BEGIN Data
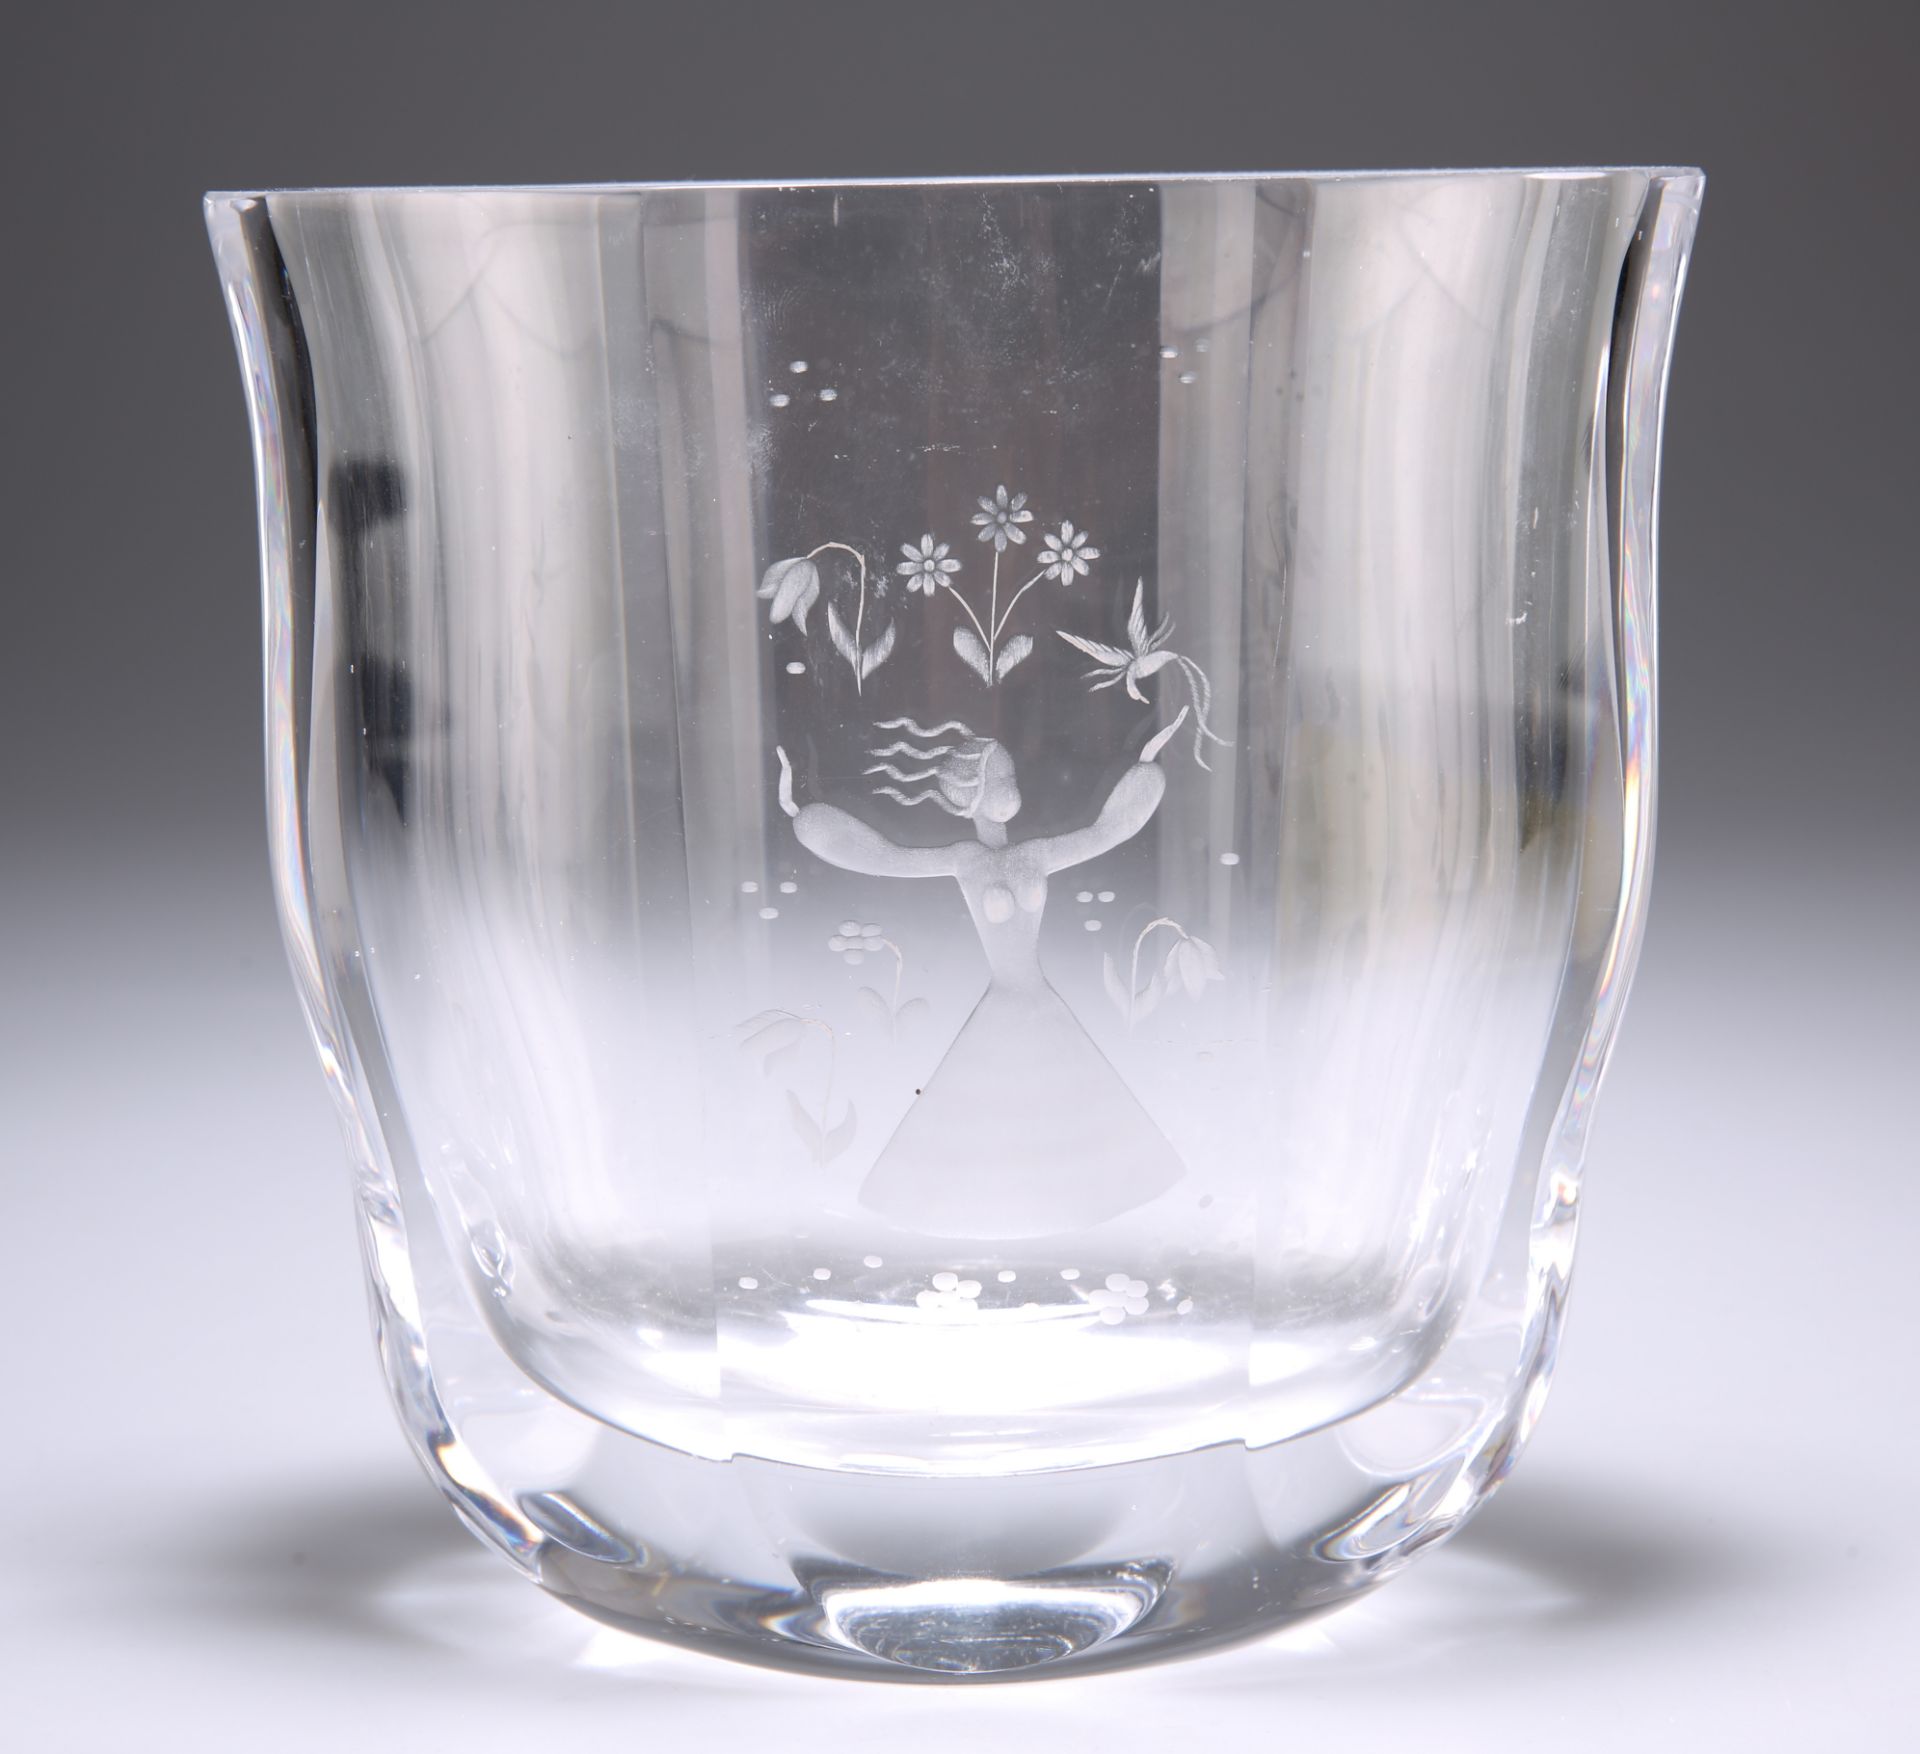 AN ORREFORS GLASS VASE, DESIGNED BY EDVIN OHRSTROM
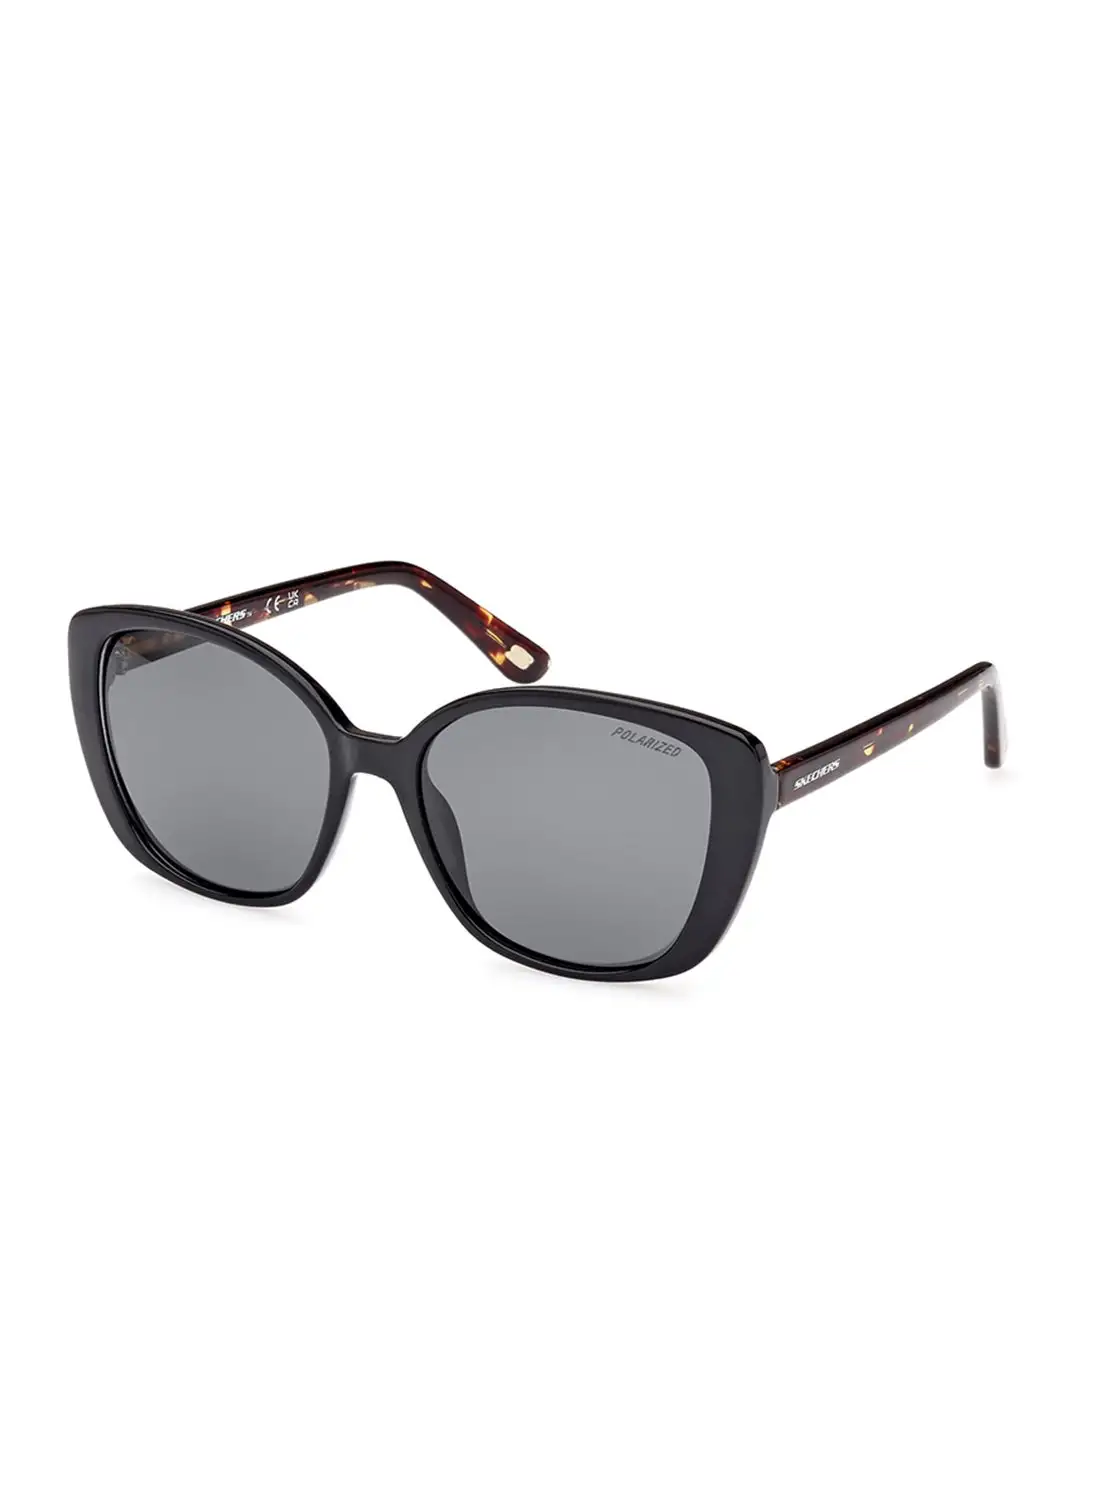 SKECHERS Women's Polarized Rectangular Shape Sunglasses - SE626505D56 - Lens Size: 56 Mm
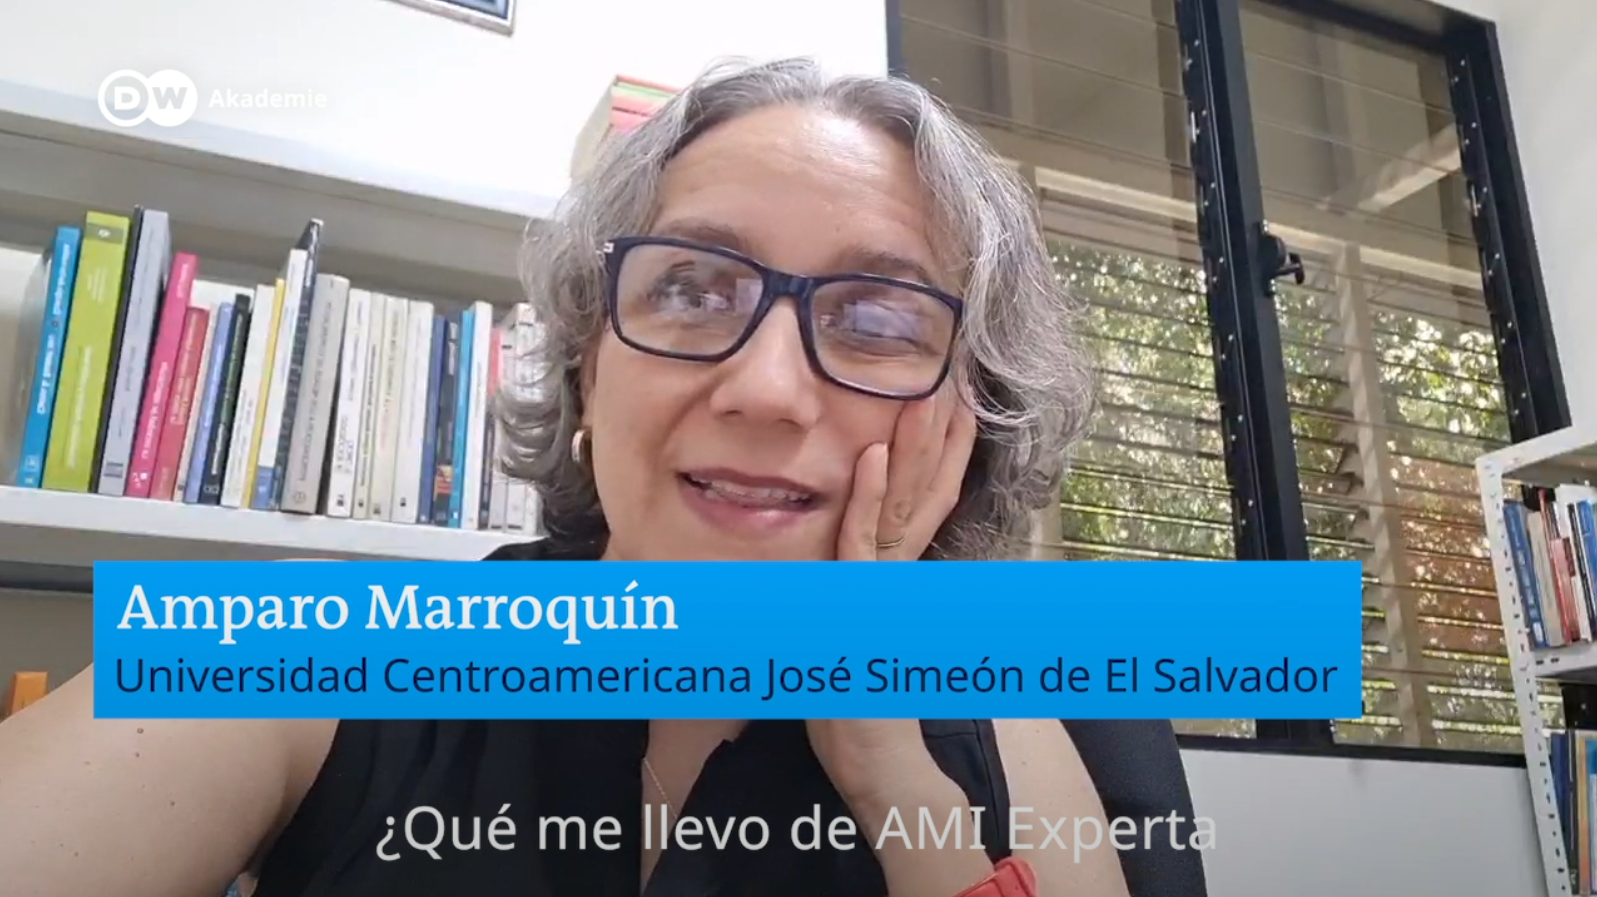 Amparo Marroquín - Universidad Centroamericana José Simeón de El Salvador
END Data
Reproduce the whole of the data, word for word, and omit its pictures.

 AN ORREFORS GLASS VASE, DESIGNED BY EDVIN OHRSTROM
 SKECHERS Women's Polarized Rectangular Shape Sunglasses - SE626505D56 - Lens Size: 56 Mm
 Amparo Marroquín - Universidad Centroamericana José Simeón de El Salvador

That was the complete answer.